Carbon dioxide becomes acidic when it’s dissolved. When the acid hits your mouth, your nerves send messages to your brain triggering heat and pain receptors.
Scientists aren’t sure why the acid in fizzy pop feels good but whatever the reason, you can enjoy drinking CO2 with this fizzy soup!
Preparation
To make fizzy soup, you will need:
- A bowl
- Scissors
- Dried apricots, cranberries, and rasins
- Lemonade (try our recipe!)
What’s going to happen? The pieces of fruit will wiggle, float to the top and then sink back down again. They’ll repeat their performance for hours!
How to make Science Soup
- Cut the dried apricots with scissors into raisin size pieces.
- Combine the apricots, cranberries, and raisins into a bowl.
- Pour the fizzy lemonade over the fruit!
Dried fruit is more dense than fizzy pop so pieces of fruit sink to the bottom of the bowl of soda.
When bubbles of carbon dioxide bump into the rough surface of the dried fruit, the get trapped.
Eventually enough gas gets trapped beneath the dried fruit to lift it to the surface. At the top, the air escapes and the fruit sinks.
This cycle continues into almost all of the CO2 has escaped and the soda is flat.
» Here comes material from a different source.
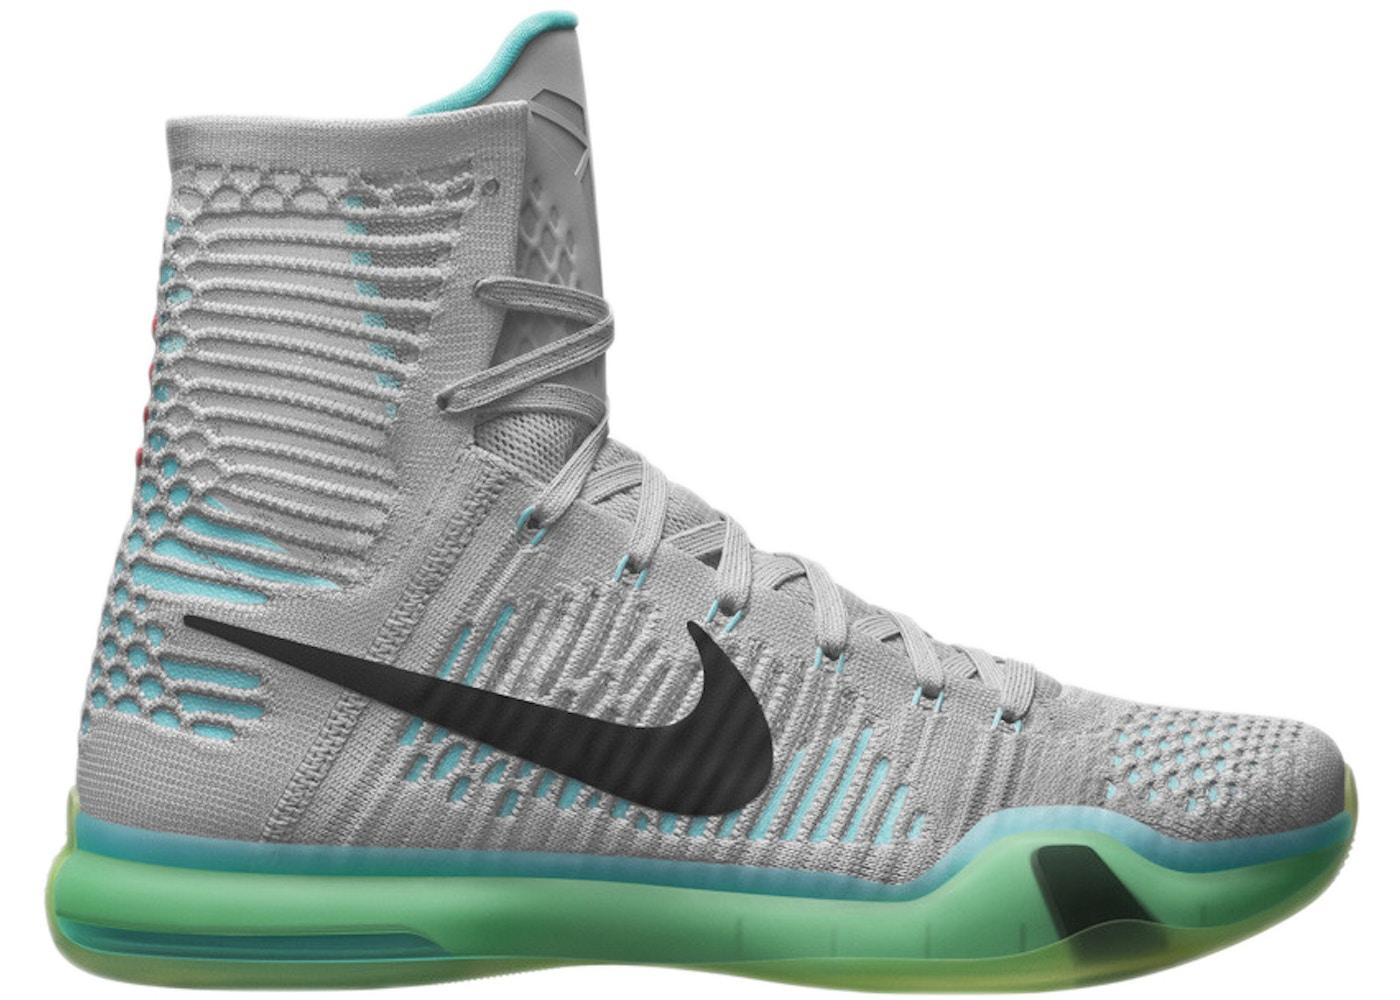 254ad0afb7d6 Nike Kobe 10 Shoes - Average Sale Price

By then your fizzy pop will be infused with the flavours of the fruit!
To find out more about liquids and density, you should listen to Kareena’s Chemistry!
In this episode, chemistry superhero K-Mistry tells us about different liquids and their thickness…
Here’s a bonus idea: Why not play some funky tunes as you watch the dancing raisins?
You can see them bust their moves as you dance with them!